Открыть мне дверь? Да прям. Лукьянов не джентльмен от слова «совсем». Вместо этого он пошел к багажнику. Ну и ладно, не очень-то и хотелось. Плюхаюсь на переднее сиденье и скидываю с себя босоножки. О, как хорошо, Господи! Закрываю глаза и откидываю голову.
— Ты пугаешь меня, Аня, — неожиданно произнес он, как только сел в машину.
— Чем? Носом? — не сдерживая смеха, выдаю я.
— Ну зачем ты мне о нем напомнила? Платьем. Ты меня пугаешь своим платьем, Аня, — открываю глаза и перевожу взгляд на Лукьянова.
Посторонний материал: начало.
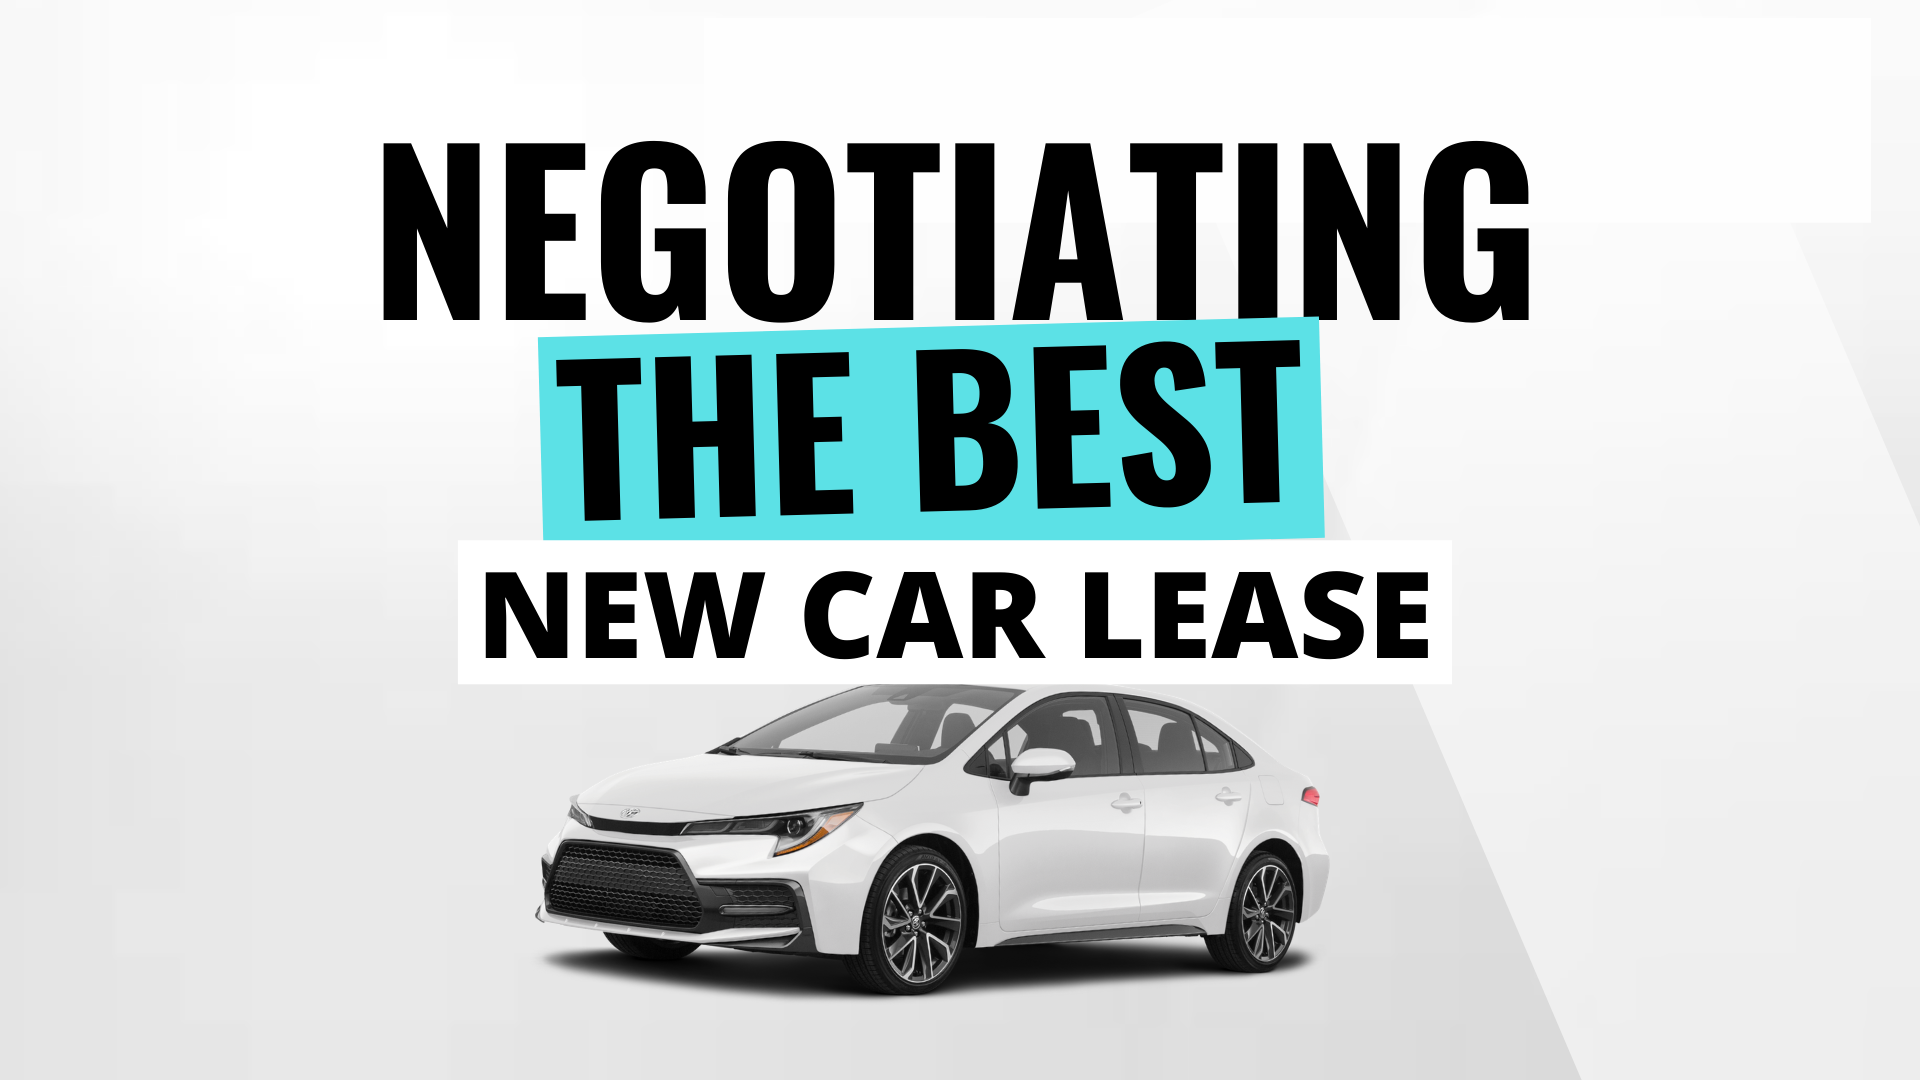 How to Negotiate The Best Lease Deal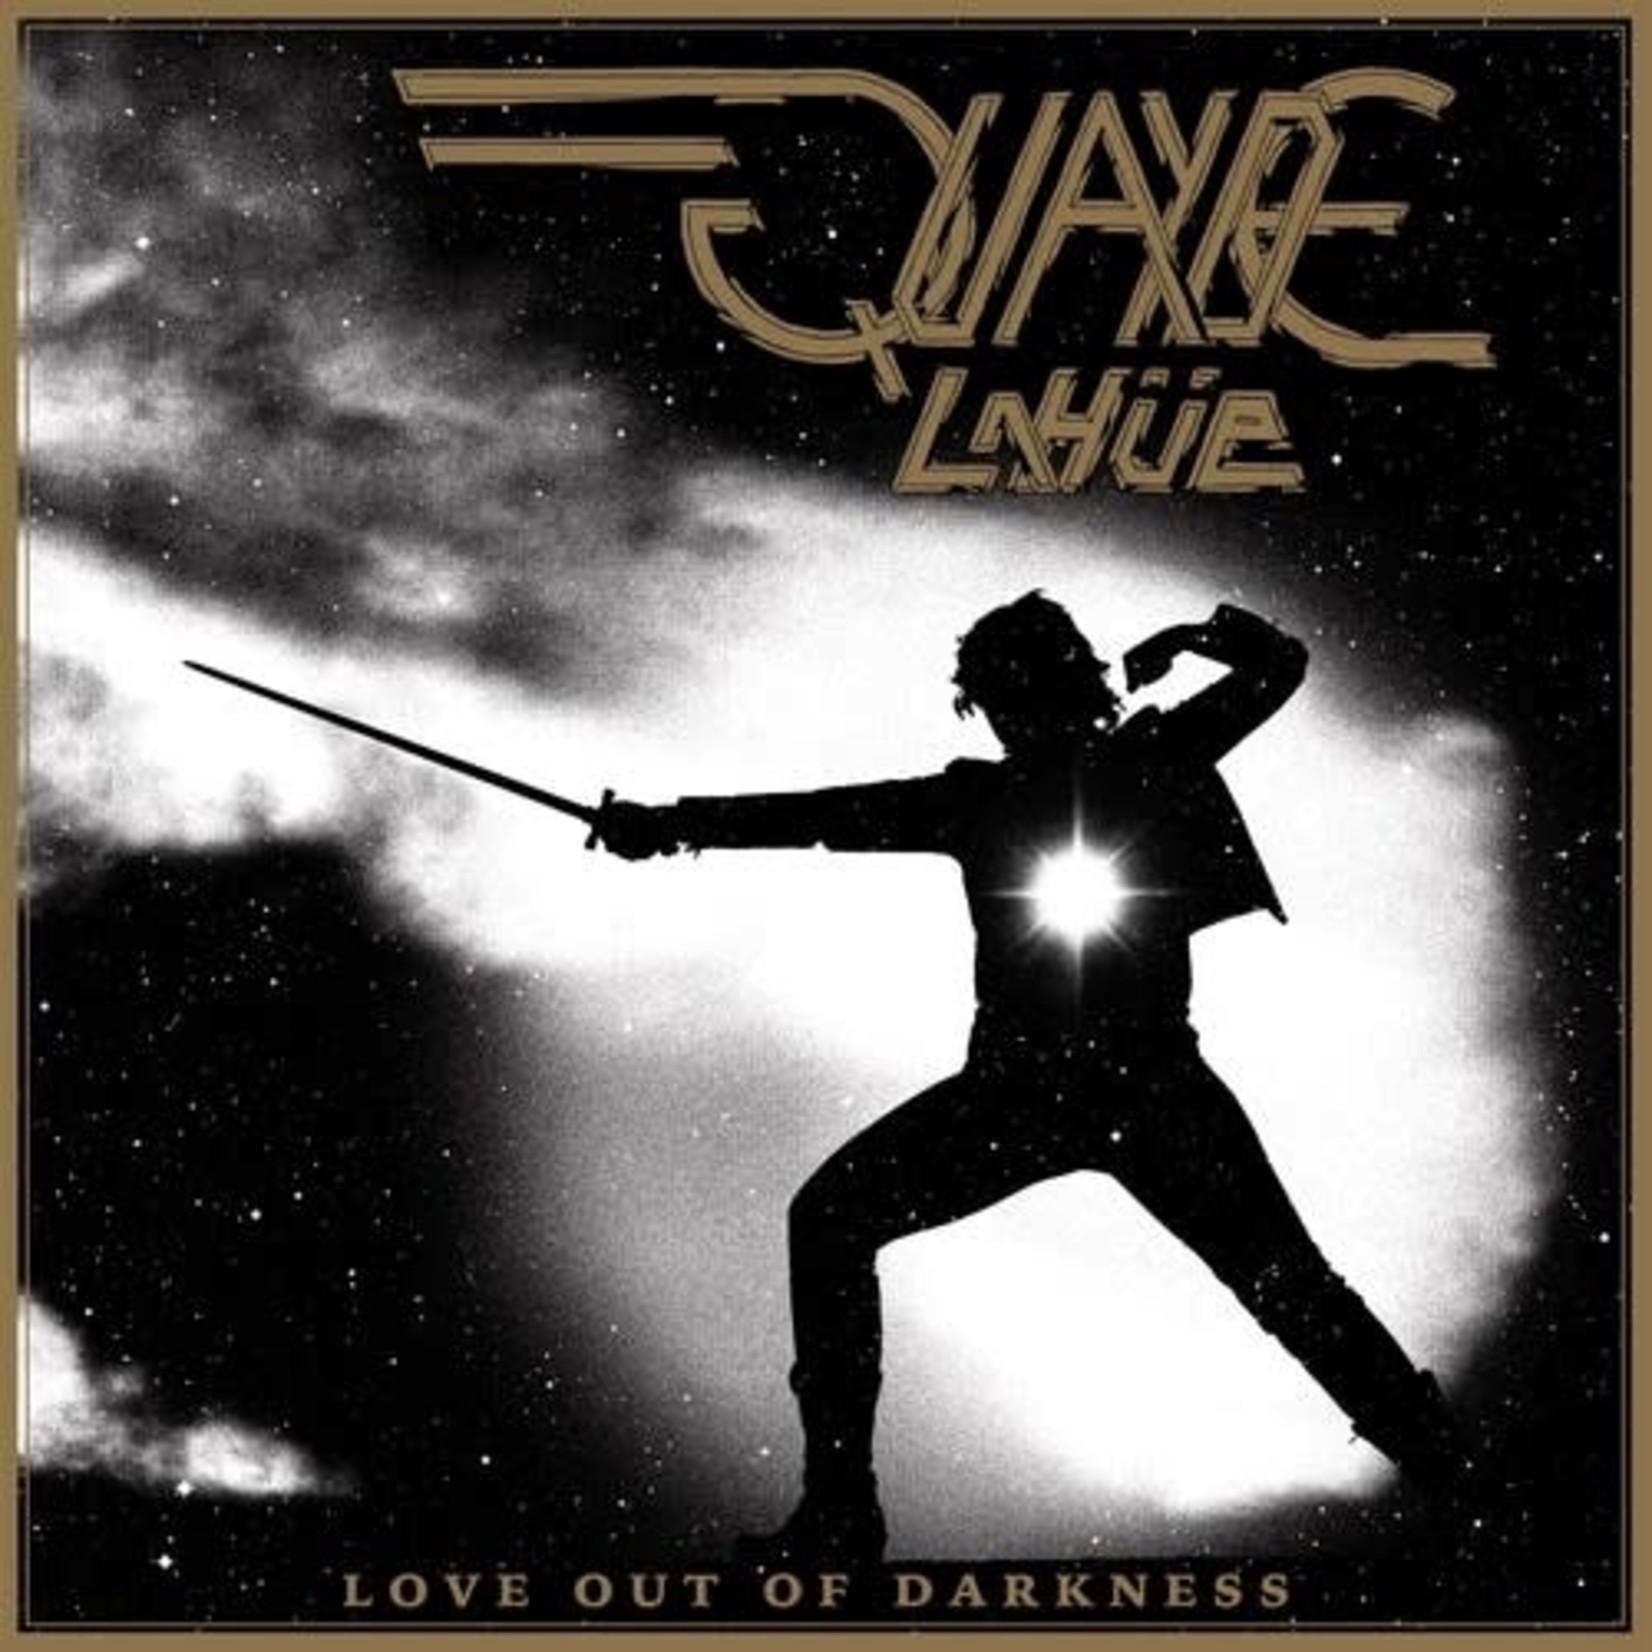 K Quayde LaHue - Love Out Of Darkness (LP)

— Ну кто бы сомневался. Оно красивое, а я в нем вообще красотка, и мне плевать на мнение окружающих.
— Да, красивое, но смахивает на свадебное. Как будто в ЗАГС собралась.
— Нужно быть дурой, чтобы надеть на свадьбу короткое платье. Примета плохая. Совместная жизнь будет короткой, — поясняю я. — А я собираюсь выйти замуж один раз и навсегда. Так что оно не свадебное, выдыхайте, Богдан Владимирович.
— Как гора с плеч, — наигранно выдыхает. — Держи, — подает мне салфетки и пластырь.
— Спасибо. О Боже, какая прелесть — детский пластырь. Класс, обожаю их, — Лукьянов смотрит на меня, мягко говоря, странно. Что-то типа «девочка, да ты совсем кукушкой двинулась». — Ну что? Это прикольно. Кстати, откуда они у такого человека как ты?
— По акции были в «Пятерочке». Покупаешь две, третья в подарок.
— Ай да «Пятерочка». Бережливый вы человек, Богдан Владимирович, — выдыхаю, наклеив-таки пластырь. — С таким не пропадешь.